Blog Post

What’s Your Spookiest IT Ops Horror Story?

    
October 27, 2016 Author: Rocanauts

If you’ve been working in the industry long enough, or are an avid tech tinkerer and all-around computer geek, you’ve likely lived through an awful IT-related horror story. In the spooky spirit of Halloween, we asked some of our Rocanauts to share their scariest IT Ops horror stories from across their careers and personal lives.

horror-stories.jpgThink you can one-up these? Comment below or respond to our post on LinkedIn for Facebook with YOUR spookiest IT Ops horror story – the best one will win a free Context is Everything t-shirt!

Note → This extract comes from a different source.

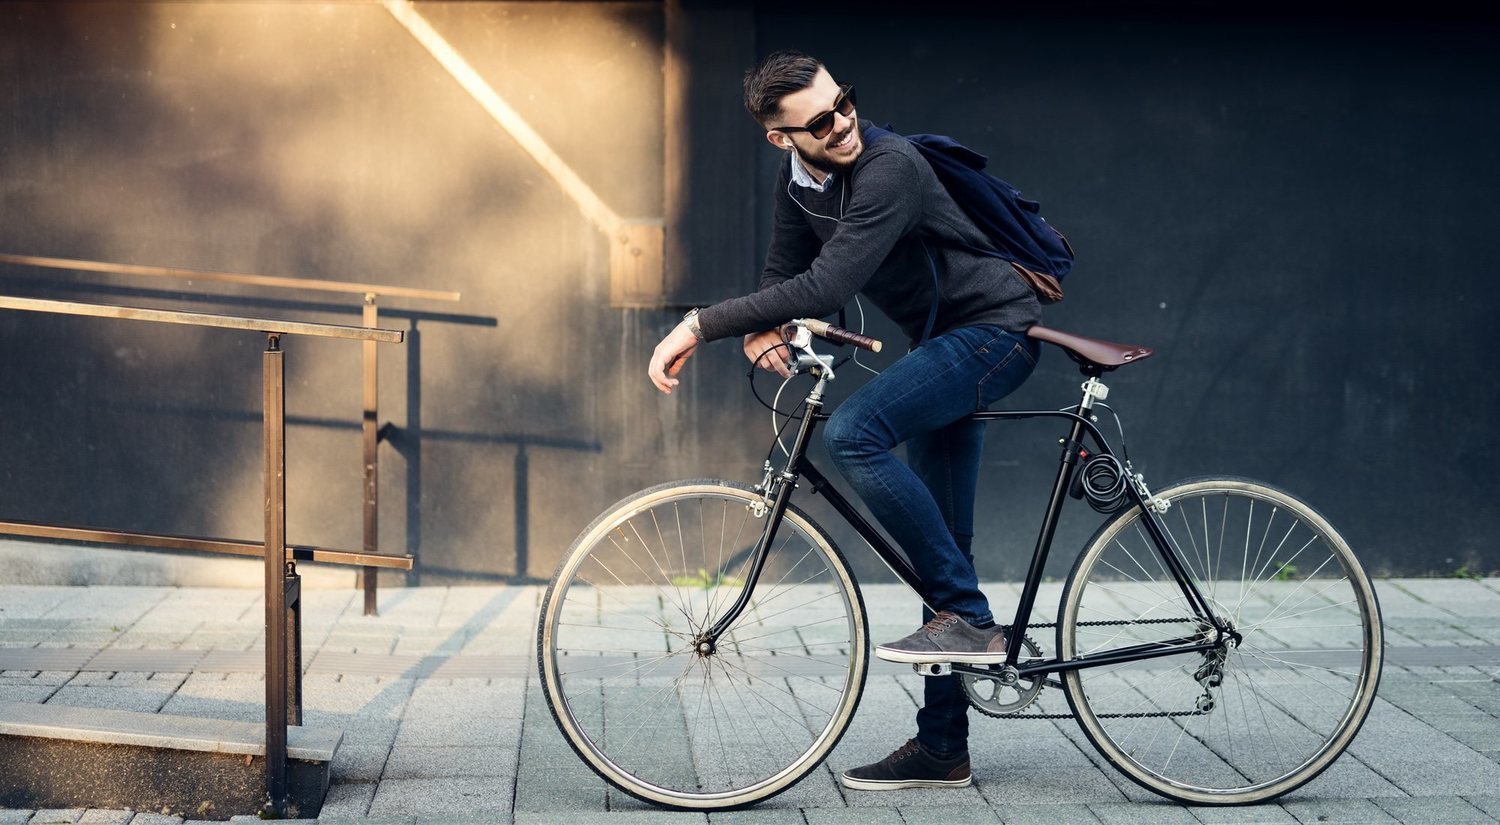 La odisea de ir al trabajo en bicicleta: problemas y trucos

Michael Guenther, Customer Success Engineer (@SourestKraut)
My wife had an undead Microsoft Exchange server that rose from the grave to wreak havoc. She had taken a physical Exchange server, virtualized it, and shut the old physical box down. They were running off the identical virtual version of everything and just left the old box in the rack because there was no hurry to get rid of it. A few months later, everyone’s Outlook clients kept saying they were offline, then back online, then offline again. They double-checked the virtual server and there was nothing wrong with it.  Networking looked okay as well. Eventually they figured out that for some crazy reason the old physical box had powered itself back on, and the virtual and the old physical server were wrestling over the IP address. Fortunately, it happened in the wee hours of the morning, so their Exchange data stores didn’t get too jumbled. They went in and cut the cord to the old physical box and its network connection just to be sure it wouldn't come back to life and haunt them again. The moral of the story: always unplug decommissioned servers!

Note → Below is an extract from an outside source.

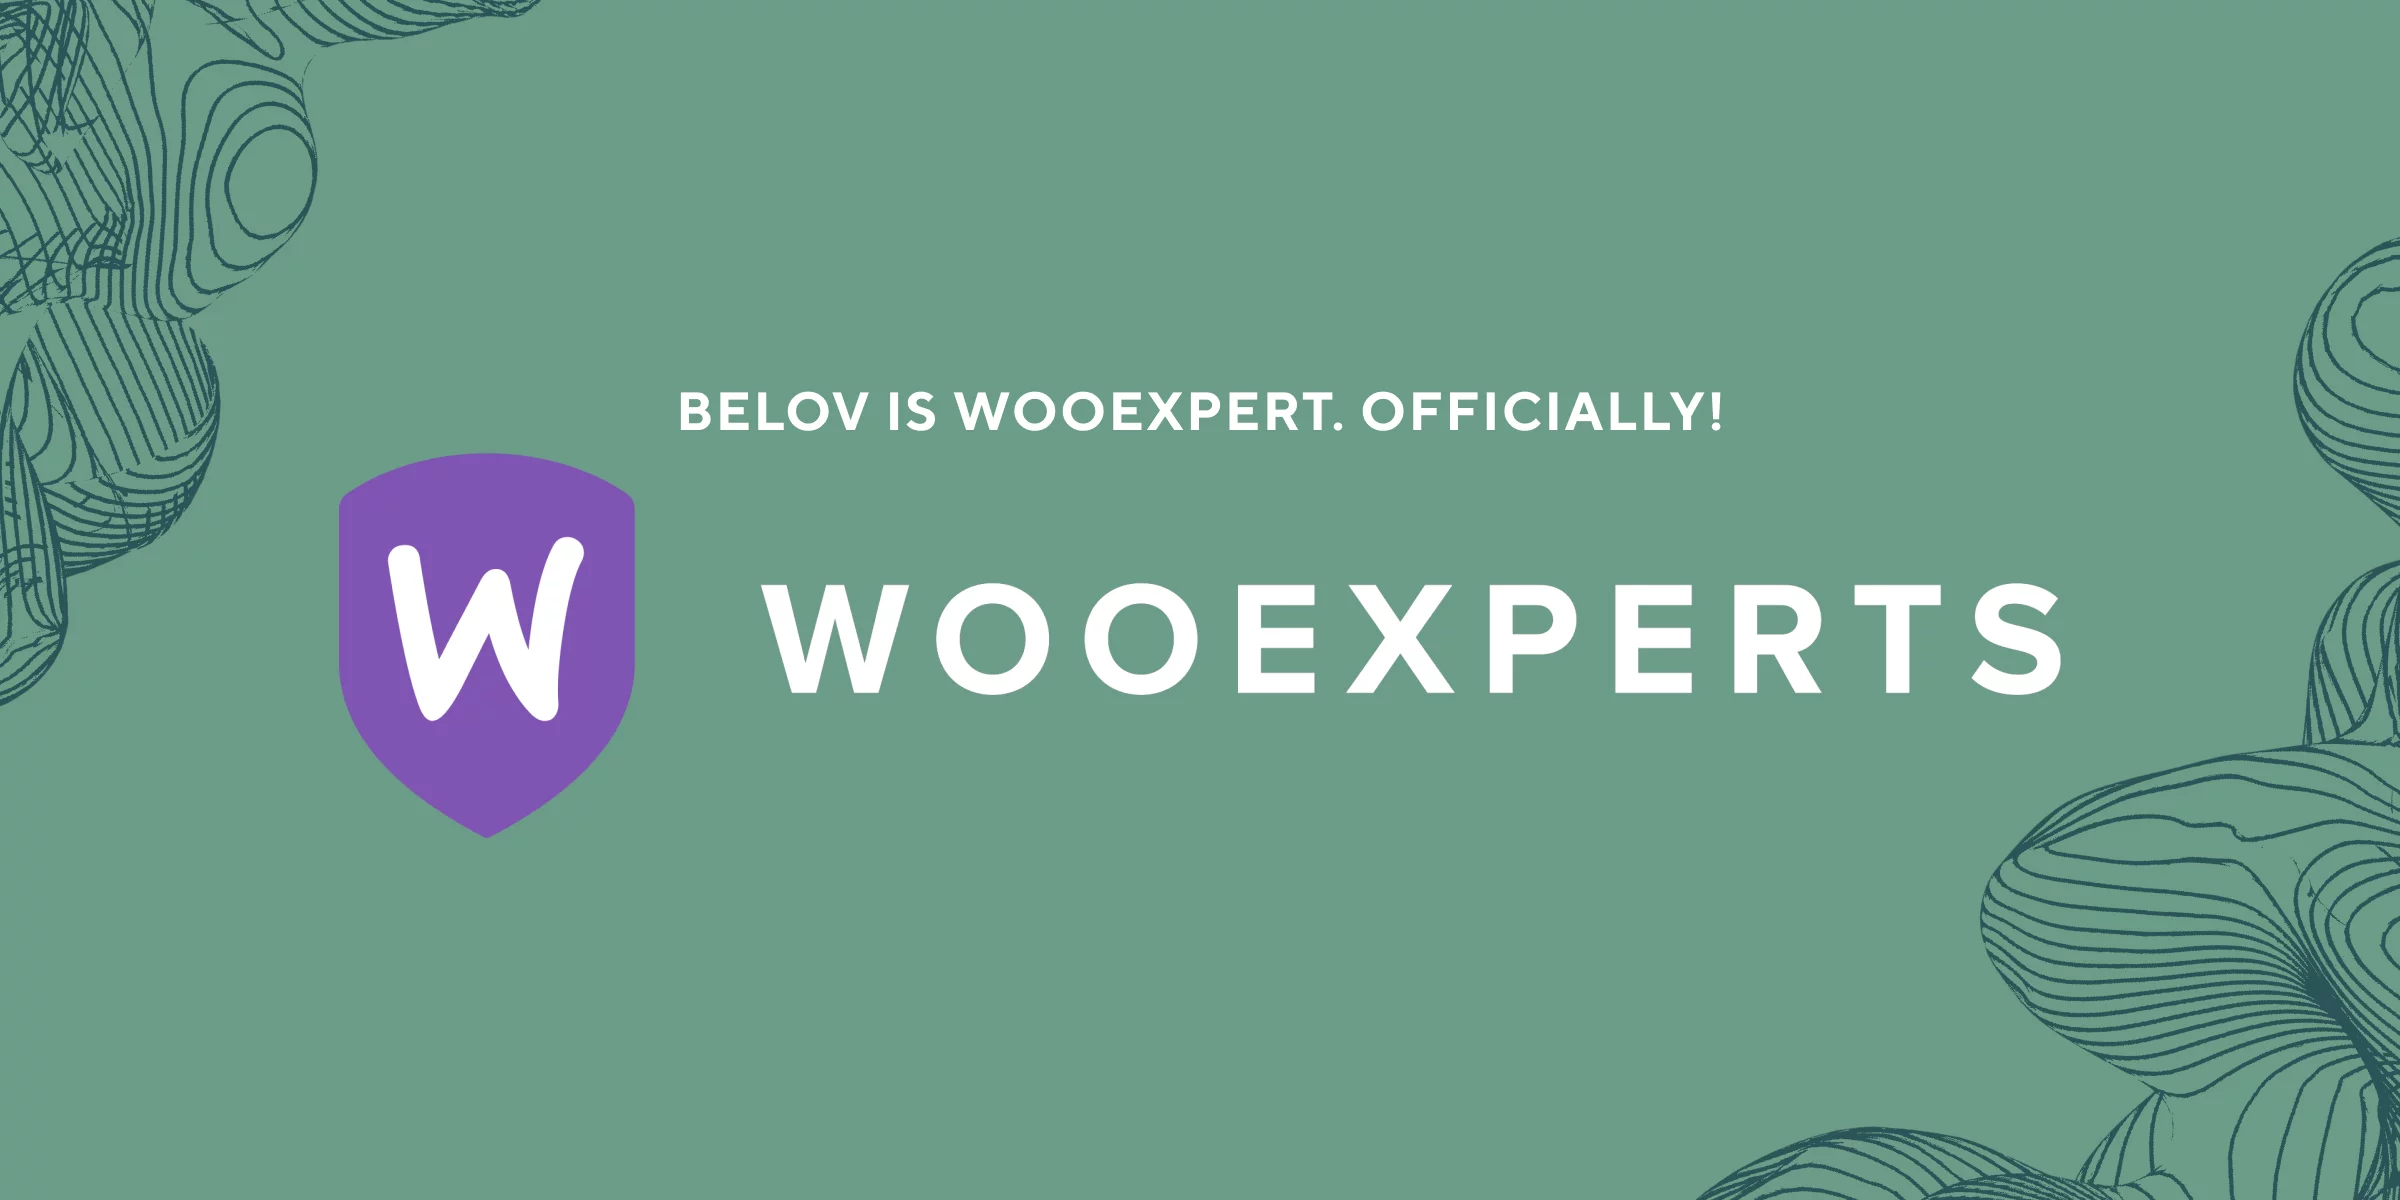 belov digital agency is WooExpert now. Officially!

Zachary Joyner, Tools and Automation Engineer
I once worked on team responsible for a real-time message processing system for medical records that fed several downstream products including a drug interaction and disease prevention application. One night we noticed our queues were backing up for about an hour and that our CPUs were spending lots of time waiting for disk even though our disk usage was constant. If the queues get full they can't take on new data, leading to data loss and data not getting to the downstream products. We contacted our sister operations team for investigation, who then contacted four additional operations teams. We spent two weeks proving our system was not the problem. After they finally believed that we had an infrastructure problem, we spent months trying different approaches from the different teams. After many weekly meetings of 20 people and multiple planned outages, the final 'fix' was to move to a completely different storage system and endure one more planned outage. All because everyone was looking at different siloed dashboards and no one had a complete picture of what was going on.

Alan Gardner, Platform Engineer (@alanctgardner)
My team once stood up a client's on-prem, 50-node Hadoop cluster one day. The next day, we logged in and all the CPUs were pegged at 100%. Connect to one of the boxes, someone was mining Bitcoins on every node on the cluster! Talk about Trick or Treat…!

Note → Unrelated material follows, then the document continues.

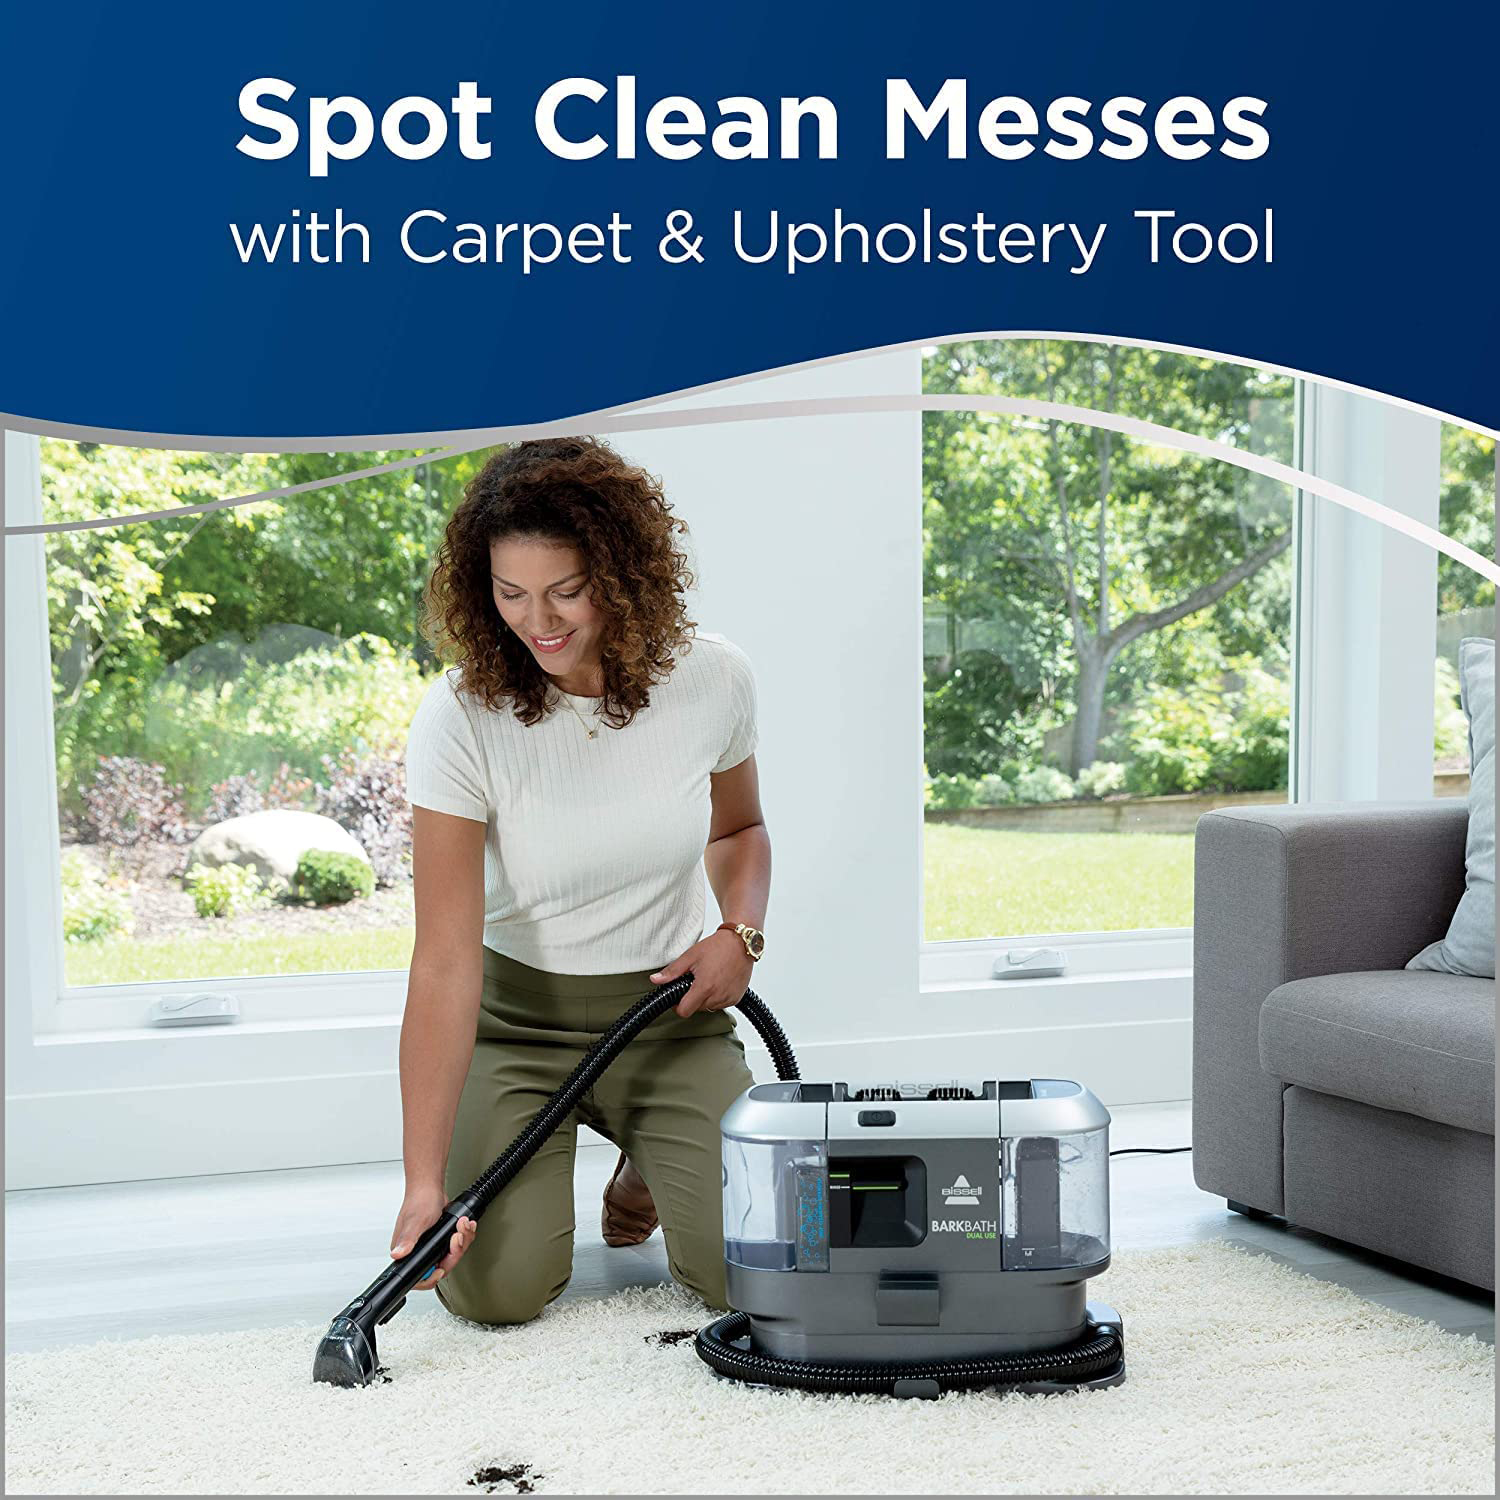 همچنین می تواند برای تمیز کردن آشفتگی هایی که سگ یا سایر اعضای خانواده شما ممکن است روی فرش و اثاثه یا لوازم داخلی منزل بگذارند، استفاده شود.

Mark Tozzi, Platform Engineer (@not_napoleon)
About eight years ago I had an issue where FTP was broken.  I was working on an ETL pipeline, and an early step was to FTP a bunch of log files from our other data centers to the data warehouse servers (which is a horror story on its own). The transfer would periodically fail at the FTP step, but not always, and we were "sure" FTP wasn't the issue since it's pretty widely used. Every time it would come up we'd spend a few days digging in, unable to reproduce it and give up, only to repeat in a few weeks. Eventually someone tracked down that it only happened between a couple of rarely used servers, and eventually discovered that MTU (minimum transfer unit) automatic negotiation between a specific version of windows and a specific version of BSD (both dreadfully outdated) did not succeed. Upgrading to something relatively modern fixed it. If we'd have been able to see early on that it always happened between the same two servers, we probably would have found the issue sooner, but even so, it was really obscure.